YOUNGSTOWN, Ohio (WKBN) – The Independent Restaurant Coalition sent a letter to Congress Thursday pleading for lawmakers to take action on the Restaurant Revitalization Fund (RRF).
Bars and Restaurants from across the U.S., including Ohio, signed the letter asking for Congress to replenish the fund and said that businesses have been waiting 200 days without support and are in danger of closing due to pandemic losses.
See a list of business signers here.
While many restaurants have already received the funding, the coalition says there are still 177,000 applicants still waiting for funding.
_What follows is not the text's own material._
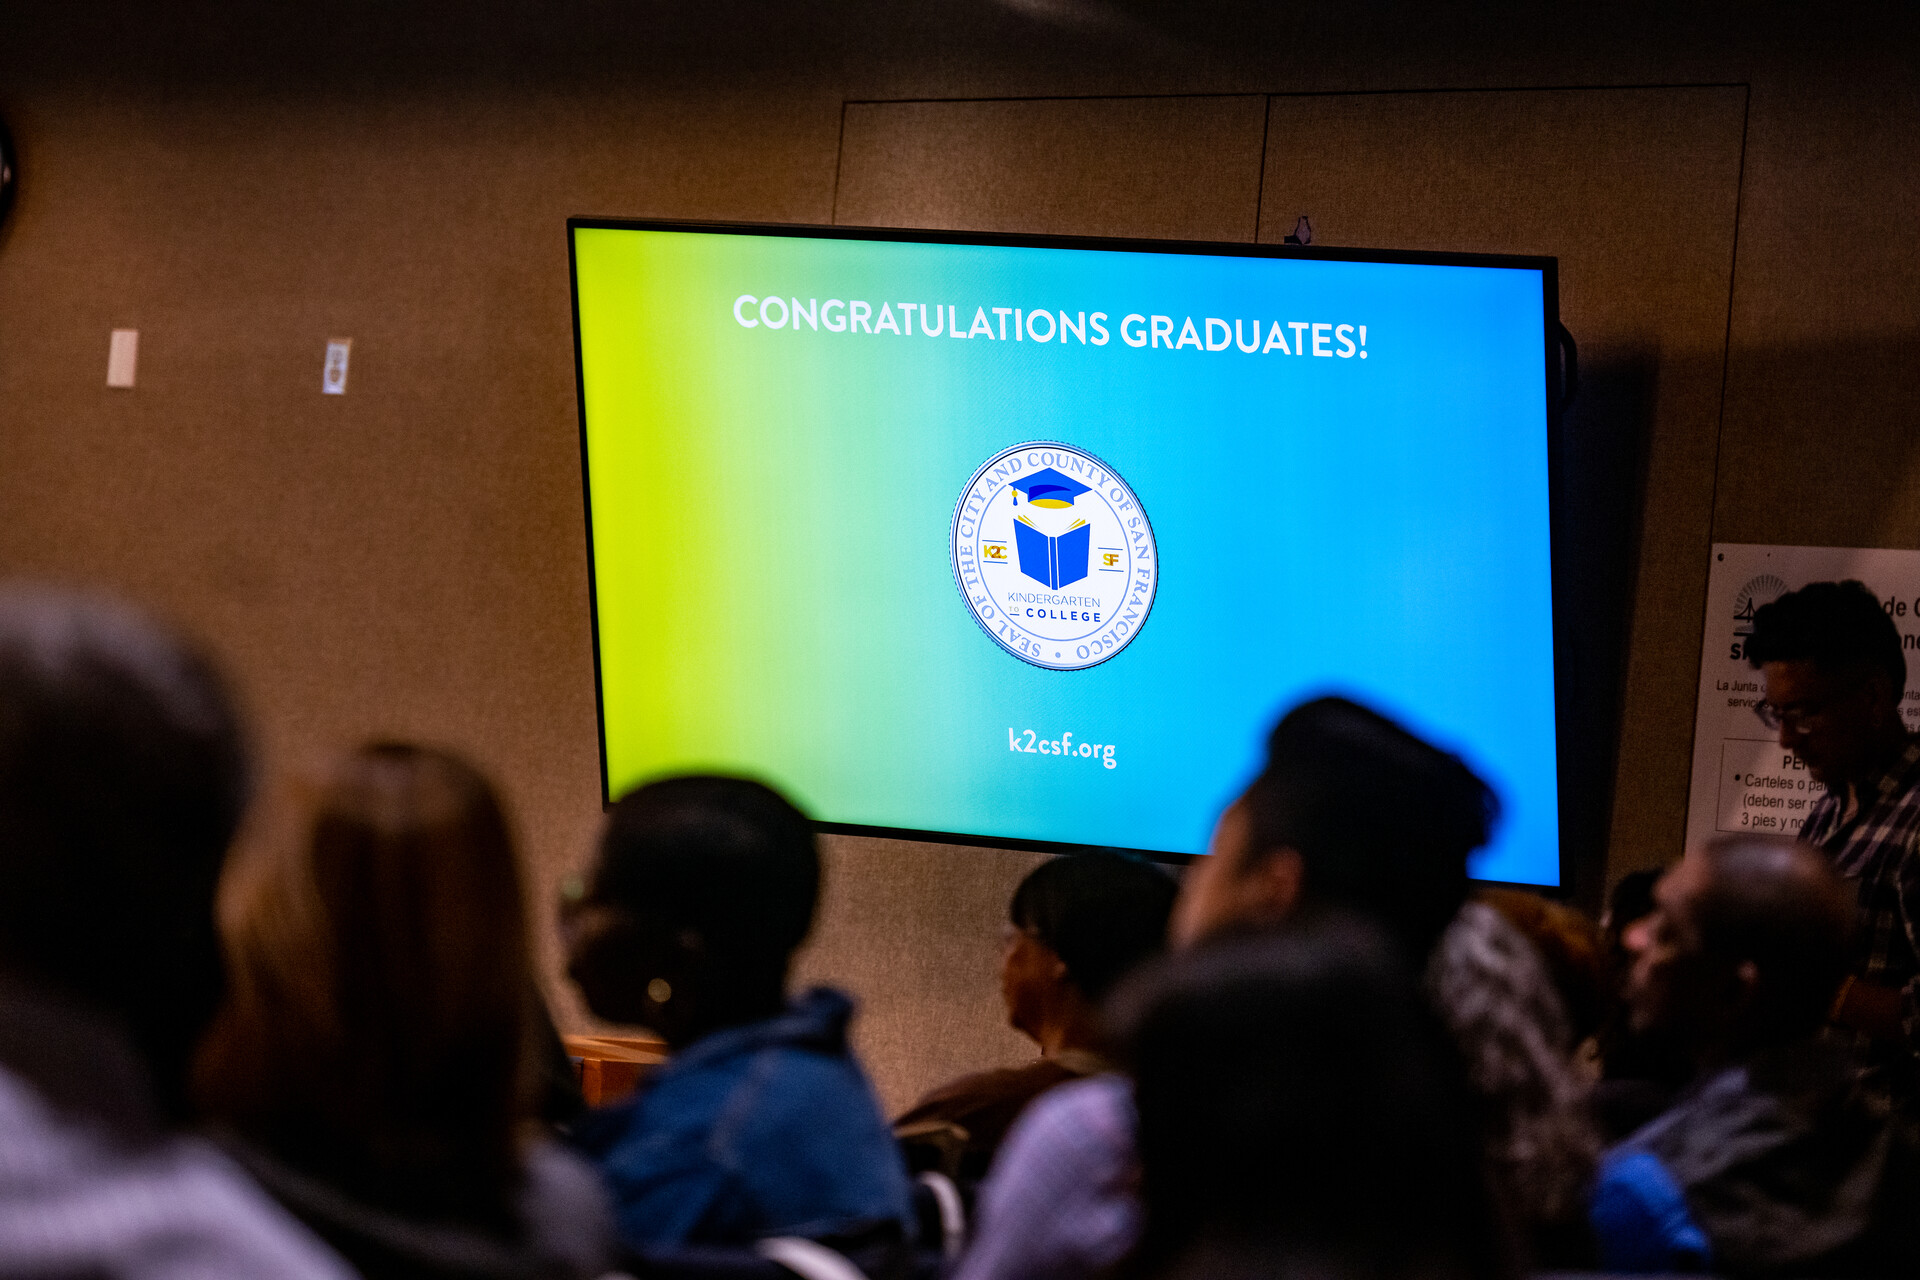 A crowd of people sit inside a large conference room and look away from the camera. Behind them, a large monitor reads out, "Congratulations graduates!"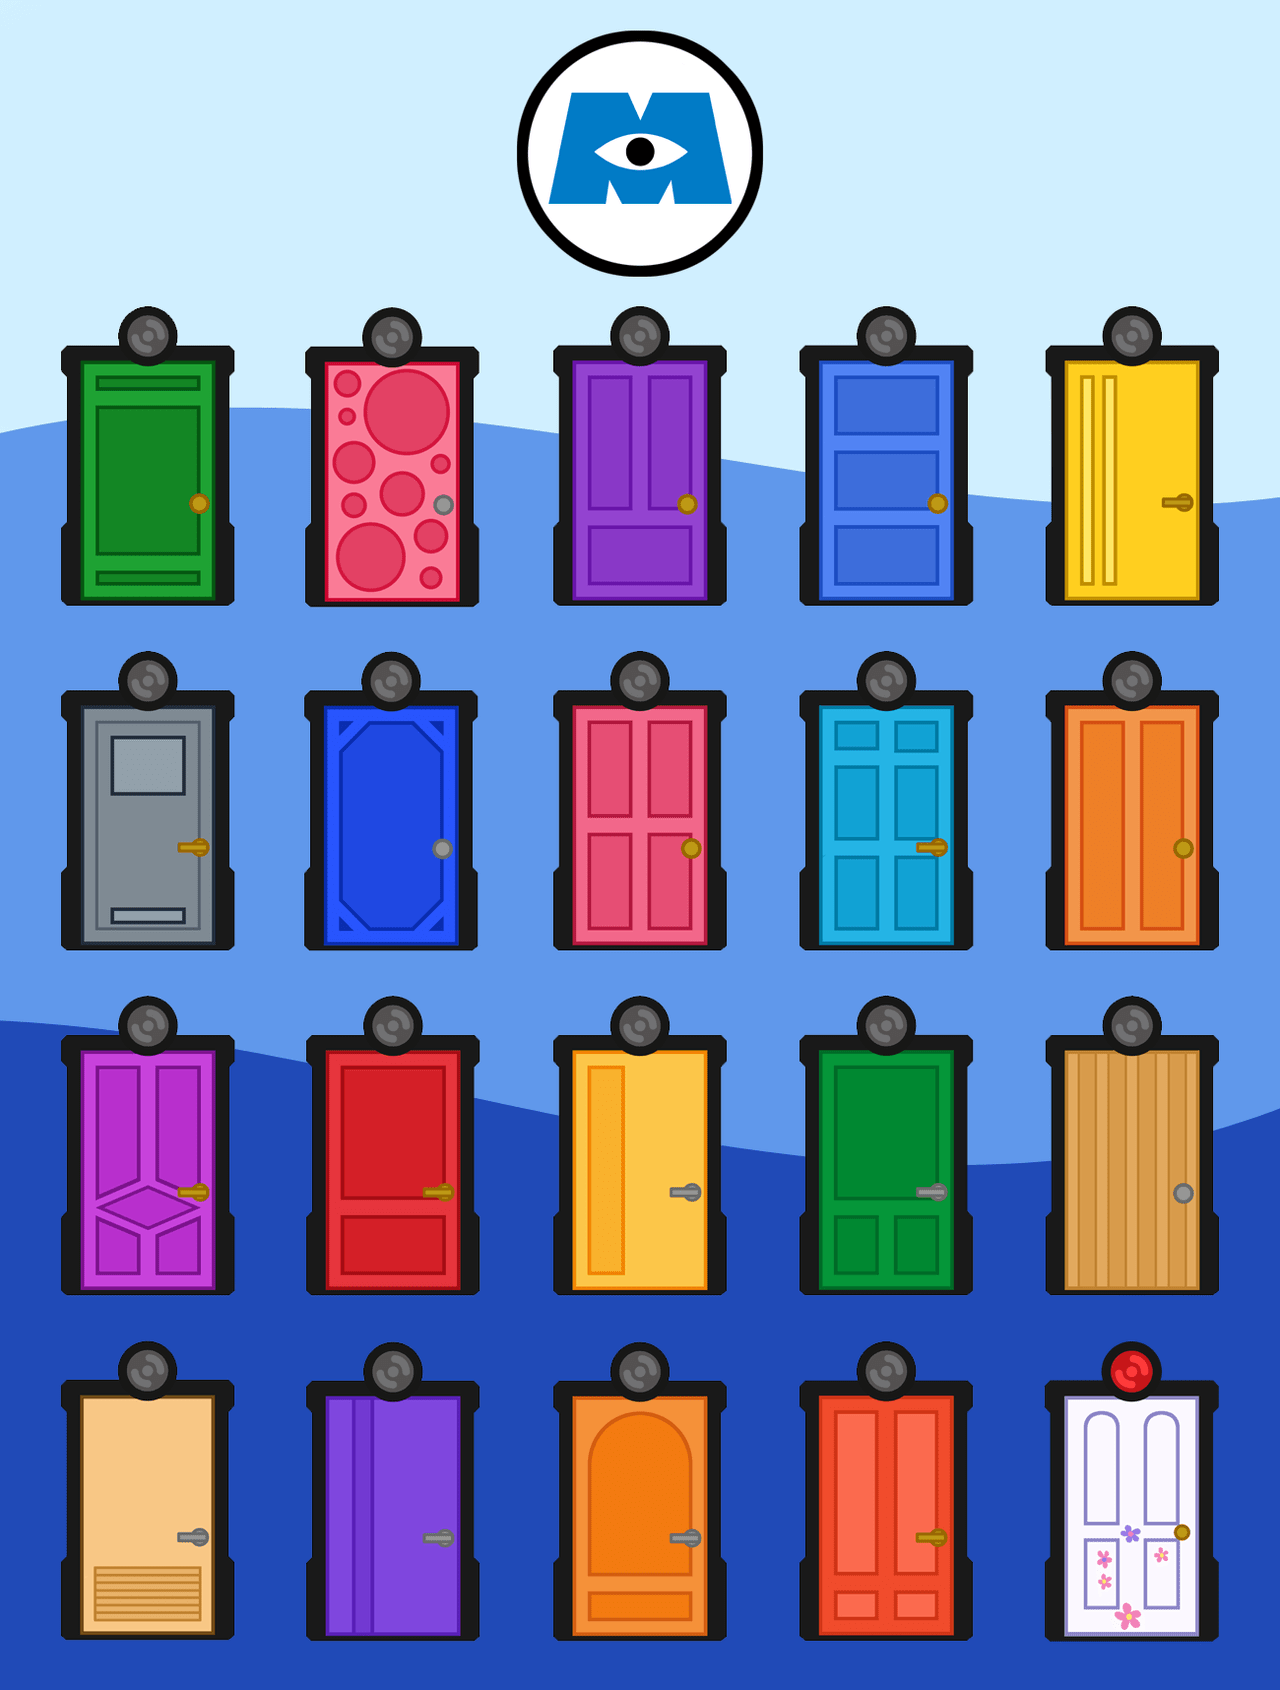 Monsters INC Doors By Caritho On DeviantART Monsters Inc Doors Monsters Inc Monster Inc Party

The letter cites over 20 months of accumulating debt, rising food costs and consumer hesitancy reinvigorated by the Omicron variant.
“Congress can prevent thousands of businesses from closing, a massive supply chain disruption, and widespread job loss by replenishing the Restaurant Revitalization Fund immediately,” said Erika Polmar, executive director of the Independent Restaurant Coalition.
Even though many bars and restaurants have reported a busy summer and fall, they have not “begun to recoup the loss we experienced over the pandemic,” said Lindsay Mescher, chef and owner of Greenhouse Cafe in Lebanon, Ohio.
“It’s extremely unfair that some restaurants got relief and others didn’t,” she said. “By not replenishing these funds, Congress is saying that some restaurants are worth saving and others aren’t.”
According to the coalition, there are 500,000 independent restaurants and bars in the U.S., which employ 16 million people.
Over 86% of restaurant and bar owners report they will close without an RRF grant, according to a survey by the Independent Restaurant Colation.
The RRF program provides emergency assistance for eligible restaurants, bars and other qualifying businesses impacted by COVID-19. The program will provide restaurants with funding equal to their pandemic-related revenue loss of up to $10 million per business and no more than $5 million per physical location.